### [WORK ORDER]
From the records below, pull each line that has "Design".

Collection entries:
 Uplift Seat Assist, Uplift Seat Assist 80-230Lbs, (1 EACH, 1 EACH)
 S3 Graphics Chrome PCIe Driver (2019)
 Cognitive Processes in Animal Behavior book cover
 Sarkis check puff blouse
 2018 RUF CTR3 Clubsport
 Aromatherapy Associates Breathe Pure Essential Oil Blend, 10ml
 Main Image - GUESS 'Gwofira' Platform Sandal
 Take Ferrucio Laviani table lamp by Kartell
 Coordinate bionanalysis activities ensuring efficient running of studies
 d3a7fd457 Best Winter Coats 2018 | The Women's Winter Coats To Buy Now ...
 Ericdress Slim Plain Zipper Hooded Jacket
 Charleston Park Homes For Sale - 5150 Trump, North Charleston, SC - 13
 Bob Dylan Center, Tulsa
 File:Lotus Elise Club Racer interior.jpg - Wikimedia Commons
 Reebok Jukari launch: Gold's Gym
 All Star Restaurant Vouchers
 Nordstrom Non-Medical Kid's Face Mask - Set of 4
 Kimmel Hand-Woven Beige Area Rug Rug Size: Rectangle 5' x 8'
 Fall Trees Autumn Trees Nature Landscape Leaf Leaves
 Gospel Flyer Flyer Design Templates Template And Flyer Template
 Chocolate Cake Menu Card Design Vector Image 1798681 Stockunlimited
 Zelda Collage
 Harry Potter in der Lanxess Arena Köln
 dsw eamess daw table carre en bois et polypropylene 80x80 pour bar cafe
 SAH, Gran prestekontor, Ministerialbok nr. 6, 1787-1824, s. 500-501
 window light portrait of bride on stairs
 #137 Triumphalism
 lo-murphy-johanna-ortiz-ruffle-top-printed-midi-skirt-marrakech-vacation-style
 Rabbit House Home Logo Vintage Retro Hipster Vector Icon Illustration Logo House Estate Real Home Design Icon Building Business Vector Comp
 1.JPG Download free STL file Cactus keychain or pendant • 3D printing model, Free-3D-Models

### [YOUR SOLUTION]
 Gospel Flyer Flyer Design Templates Template And Flyer Template
 Chocolate Cake Menu Card Design Vector Image 1798681 Stockunlimited
 Rabbit House Home Logo Vintage Retro Hipster Vector Icon Illustration Logo House Estate Real Home Design Icon Building Business Vector Comp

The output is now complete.